Subject Re: [firebird-support] Oldest Snapshot and Performance Issues
Author Helen Borrie
At 06:51 AM 25/10/2005 +0000, you wrote:
>We are using Classic server 1.52 on a Linux 8 Gb dual CPU opteron 242
>with Windows clients. There are about 110 users with 450 connections
>at peak times. Here is the output of a gstat -h taken during the day:
>Database header page information:
> Flags 0
> Checksum 12345
> Generation 572988
> Page size 4096
> ODS version 10.1
> Oldest transaction 22951
> Oldest active 319143
> Oldest snapshot 317998
> Next transaction 572981
> Bumped transaction 1
> Sequence number 0
> Next attachment ID 0
> Implementation ID 19
> Shadow count 0
> Page buffers 1000
> Next header page 0
> Database dialect 3
> Creation date Oct 23, 2005 22:24:16
> Attributes
> Variable header data:
> Sweep interval: 0
> *END*
>My question is why is the "Oldest snapshot" considerably less than the
>"Oldest active"? My understanding is that the "Oldest snapshot" should
>be close to the "Oldest Active".

Not necessarily. The Oldest Snapshot is transaction number of the Oldest
Active as it was the last time garbage collection was done. You have your
sweep interval set to 0, so the only way your oldest snapshot is going to
advance is either to run a manual sweep or free up some interesting
transactions so that cooperative GC has something to work on.

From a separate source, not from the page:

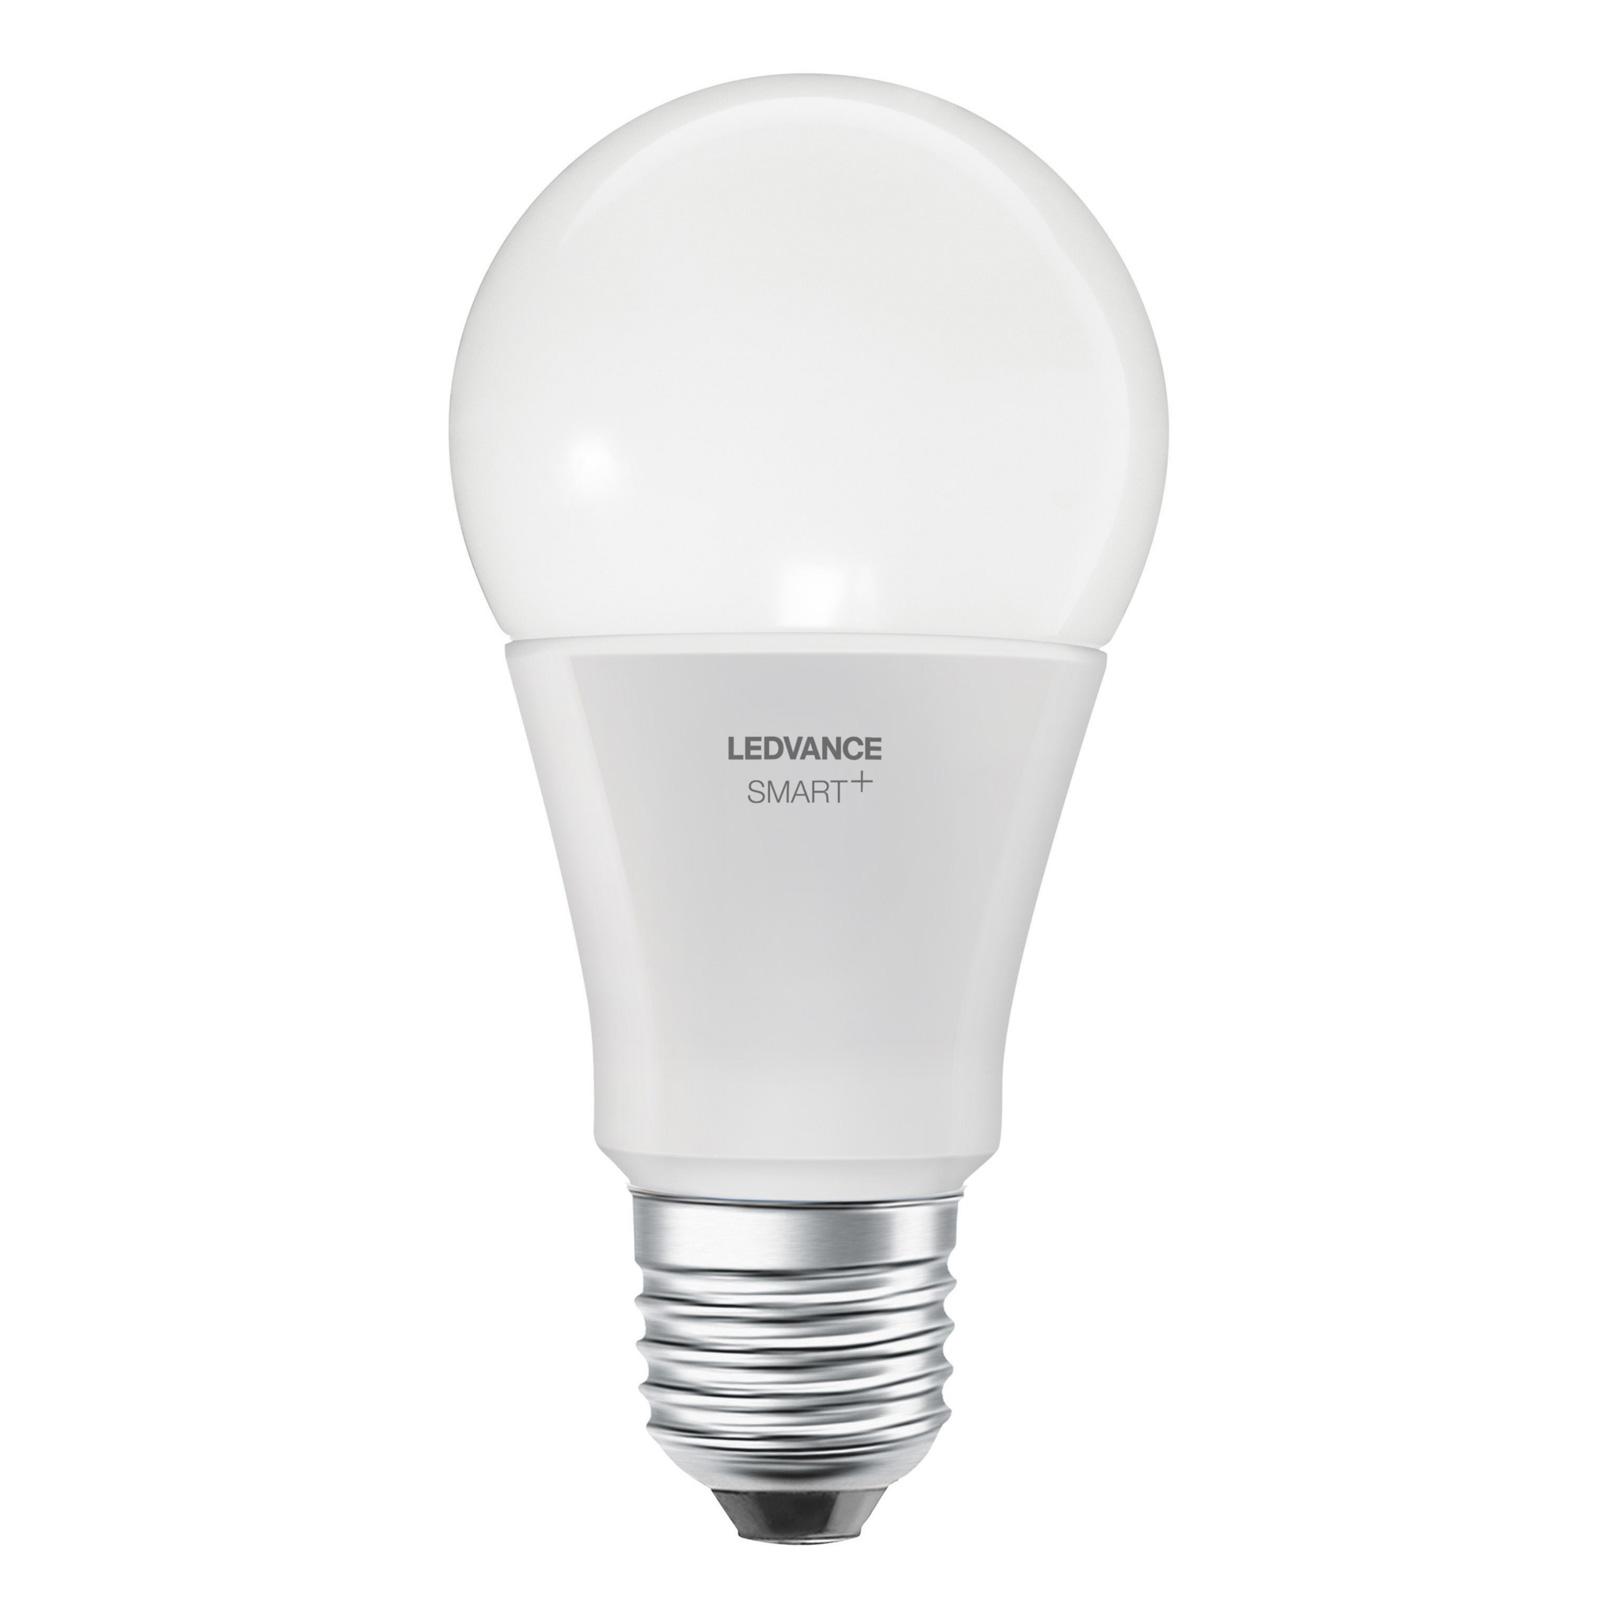 LEDVANCE SMART+ ZigBee E27 8,5W Classic 2.700K

>Also, assuming we can improve the transaction movement, what else can
>we do to improve performance? We expect 20-30% growth in the number of
>users per year. Based on the recent article on the Lock Manager in
>"The Interbase and Firebird Developer Magazine" we have increased the
>lock manager settings to the maximum with considerable improvement
>(hash lengths have gone from min 700, avg 800, and max 900, to min 20,
>avg 40, or max 60, and the mutex wait is down to 2.5%). Is there
>anything else?

Possibly find some way to bring the number of users and the number of
connections closer together? Unlike Superserver (which shares page cache
dynamically) Classic allocates a static lump of page cache for each
connection. You have an unusually high cache allocation set (4K * 1000
pages, or 4 Mb per connection). Currently your peak time load has 1.8 Gb
of RAM tied up in page caches. Was this 1000 pages decision based on any
load/test metrics, or was it set on the assumption that "more is better"?